Svegliarsi al mattino. Aprire la finestra e guardare il mare verdeggiante che ondeggia e si estende per tutto il campo visivo. Sentirne l’odore chiaro e leggero, stranamente più puro del solito e rendersi conto della fortuna di vivere in un ambiente dove pochi uomini sono arrivati prima. Naturalmente, come in tutte le storie che narrano di naufragi, i rari marinai che sono riusciti a scorgere le coste dell’isola non sono riusciti a raccontarlo.
Non ci sono velieri incagliati nei banchi di sabbia lungo il confine del mare ma una delle più imponenti navi da crociera che abbiano mai solcato le onde e attraversato i mari più tempestosi.
Un Titanic dell’altro emisfero che non ha lasciato su una riva desolata i suoi passeggeri, o quelli rimasti, per una catastrofe o un iceberg ma per la disattenzione umana. Il timoniere, il capitano o qualche ufficiale di bordo deve essersi distratto o aver calcolato male i rischi di manovra. Ma a chi si può attribuire la colpa? In fondo il passato non può tornare, non resta che raccogliere i pezzi di ciò che è sopravvissuto e cercare di usarli per costruire una situazione passabilmente vivibile per tutti.
Ormai è un mese che mi sveglio con il calore del sole e il profumo di quel mare dai riflessi verdi; per fortuna il carburante non si è riversato nella foresta marina ed apparentemente i fatti più recenti, a parte la sagoma dello scheletro della nave, non hanno modificato la vita in questo remoto angolo del pianeta.
Gli animali si avvicinano tranquillamente e nidificano all’interno nelle fenditure più accessibili e sicure. Ma nulla è sicuro per noi, nonostante sappiamo che presto verranno a cercarci. Certo, una nave di tali dimensioni non scompare senza che nessuno se ne accorga, ma non è questo il vero problema.
È il ricordo. Noi non siamo come gli animali di quest’isola. Noi non dimentichiamo e non metabolizziamo gli eventi, non li superiamo. Ci teniamo dentro tutto il dolore mischiato all’ansia; è pericoloso ma dona al contesto una parvenza di normalità quasi disarmante.
Le colline sdraiate lungo la riva ci osservano attente, senza cambiare espressione, anche quando il loro colorito muta al calar del sole.
Tutti i superstiti si sono messi all’opera per procurare cibo, acqua e ripari; ognuno si è impegnato al limite delle sue possibilità, senza badare alla fatica e allo sconforto ed alla tempesta interna.
Sì, il mare si prende gioco di noi; lui è calmo ed impassibile, il nostro cuore scoppia.
Si continua ogni giorno a lavorare e lavorare senza fermarsi mai e senza sapere se può servire a qualcosa, ma non ci si deve scoraggiare.
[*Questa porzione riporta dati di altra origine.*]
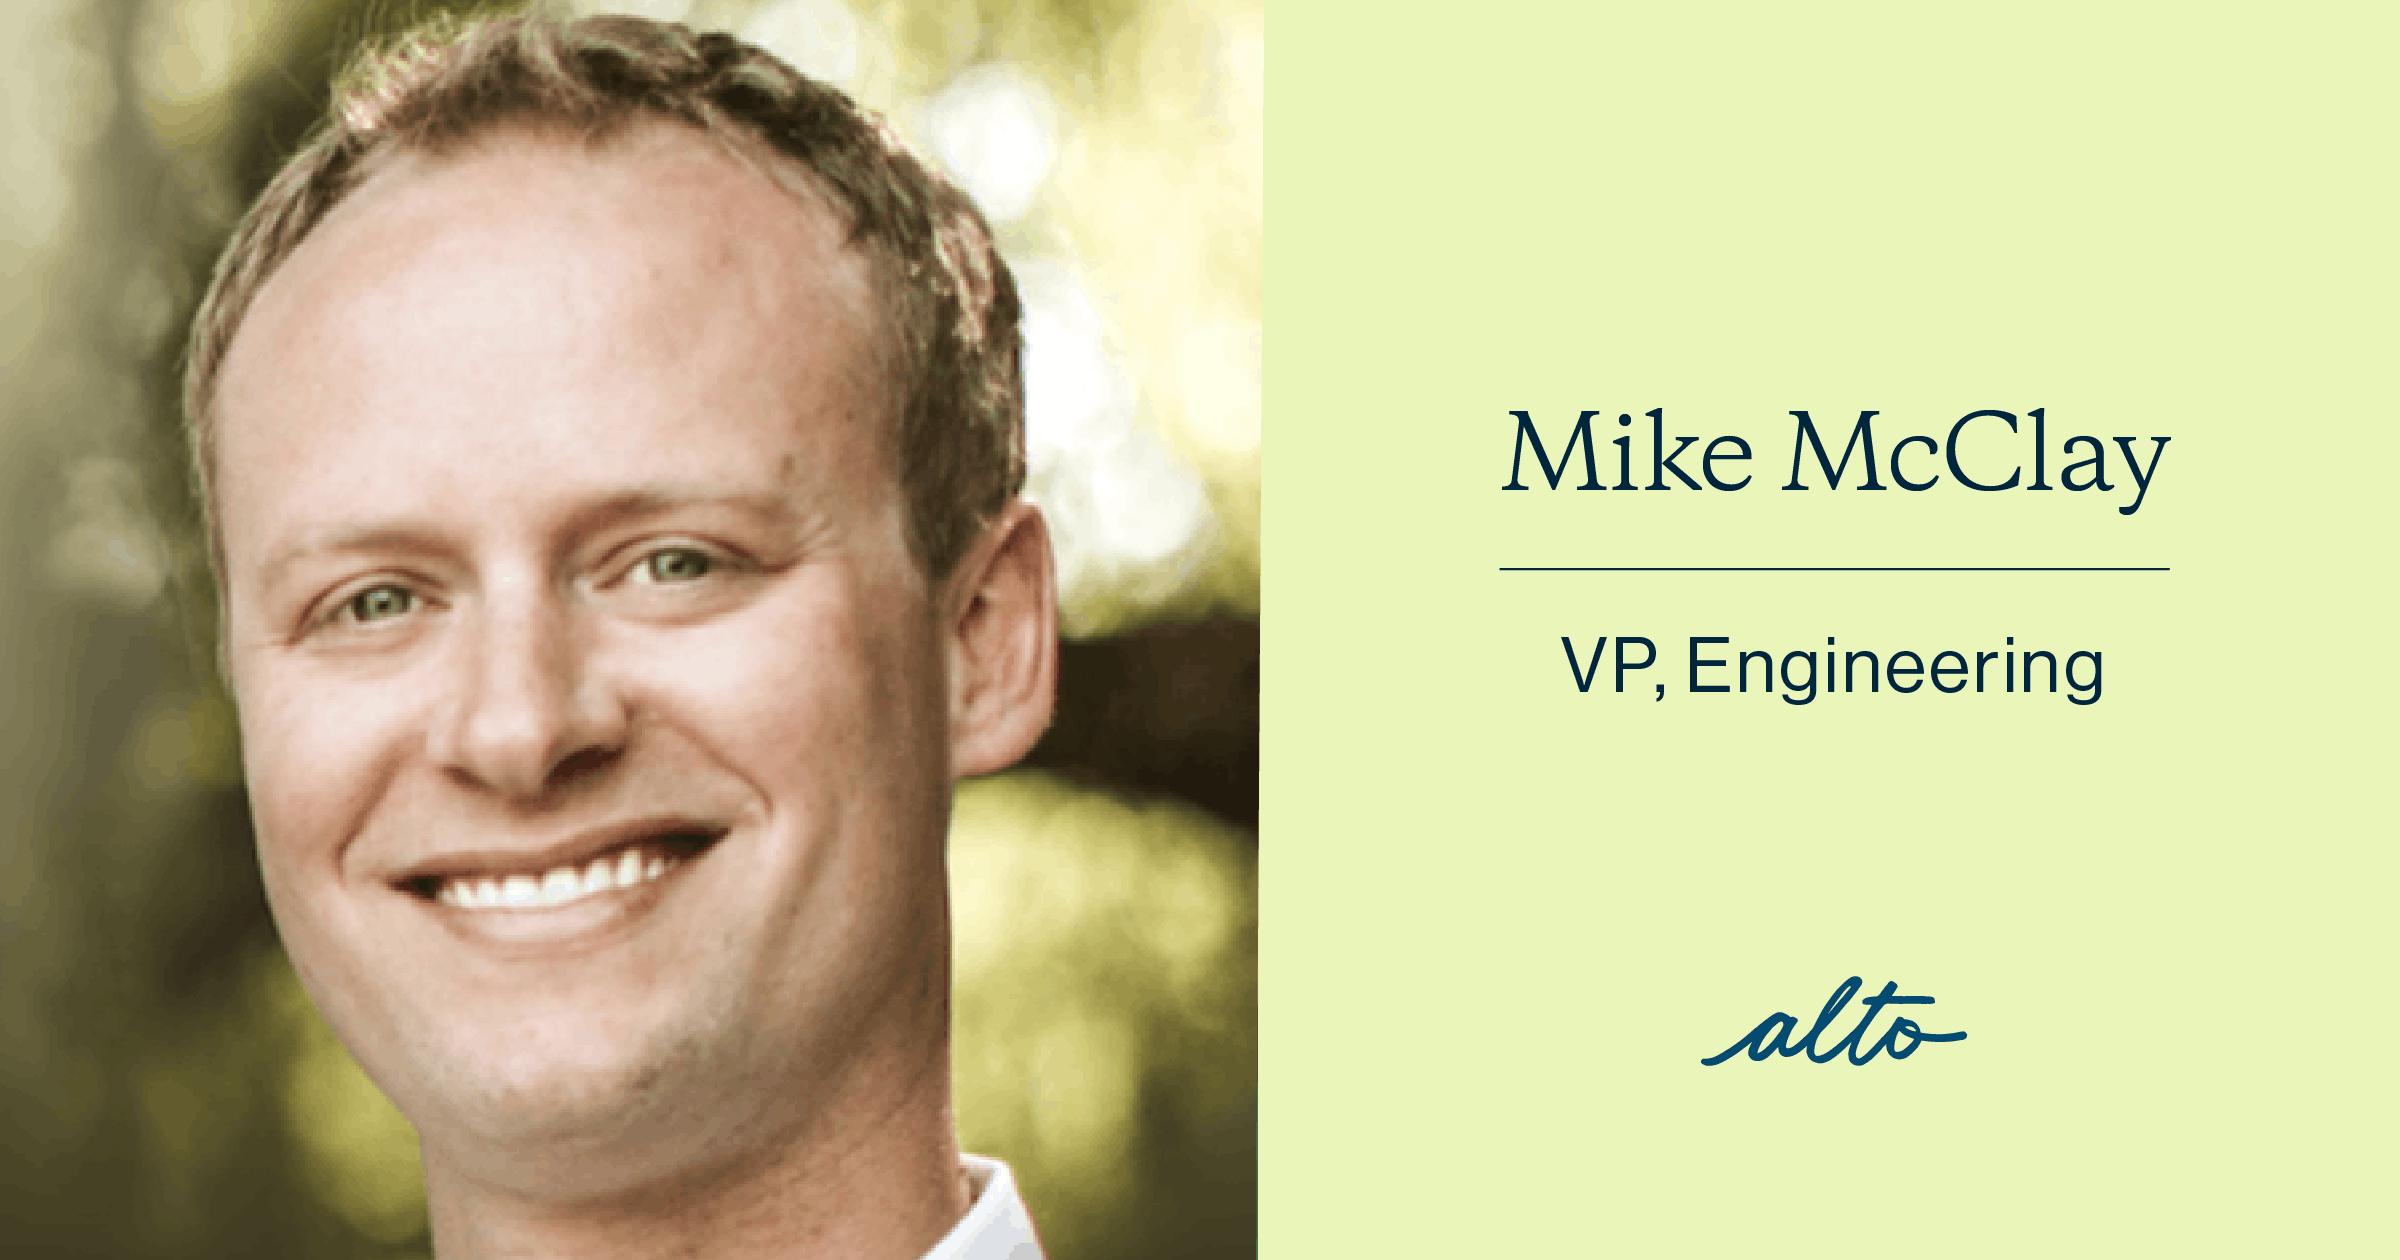 Mike McClay, VP Engineering

La speranza, la misericordia e l’intelletto sono le sole cose che ci distinguono dal resto della fauna dell’isola, poco; un filo sottile, un confine quasi intangibile.
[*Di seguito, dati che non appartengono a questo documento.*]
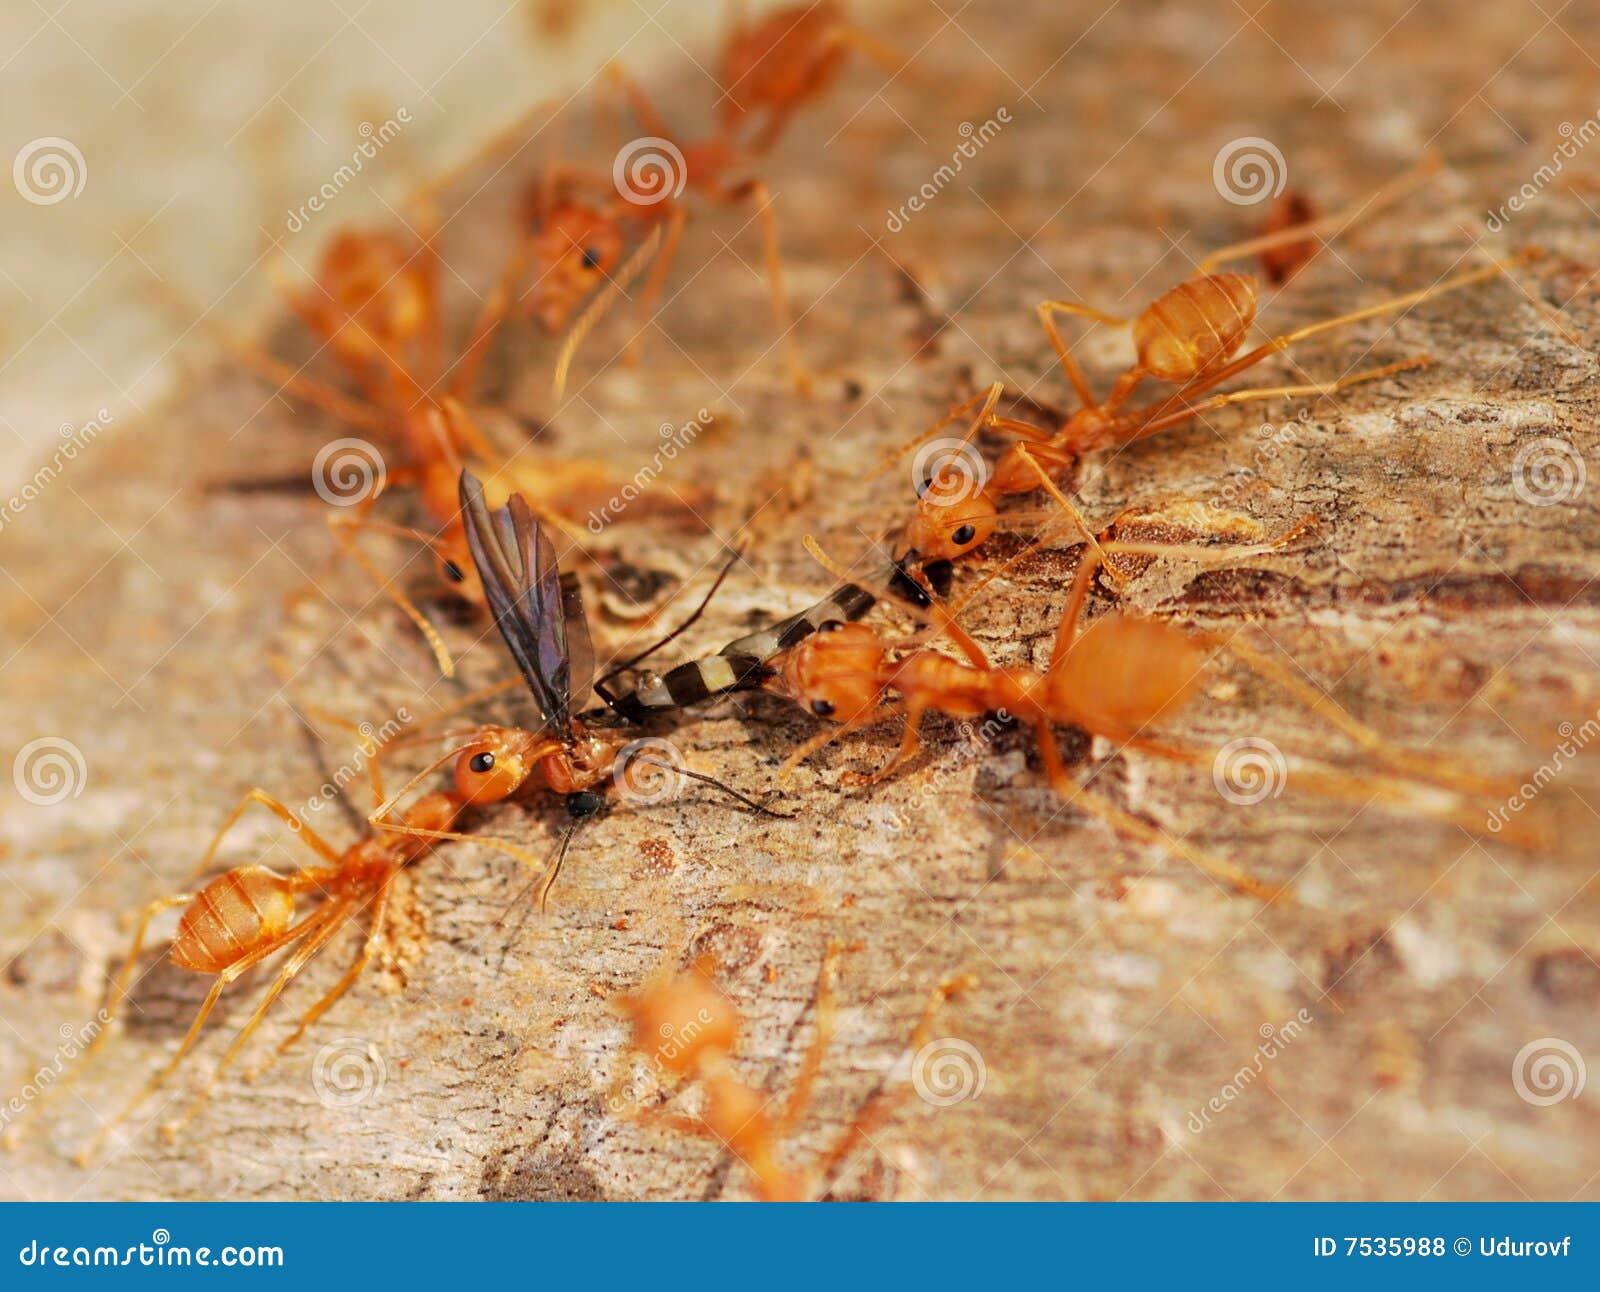 chasse fourmis photos libres de droits image 7535988. Black Bedroom Furniture Sets. Home Design Ideas

Certo che, pensandoci, tutto questo si sarebbe potuto evitare, se non fosse stato per l’attimo di disattenzione, quante vite non sarebbero sparite tra le grida e le onde; ma ai responsabili, lasciati alla giustizia sommaria dei passeggeri, poco importa ormai.
Fatto sta che le tende di pelle sono utili quando piove.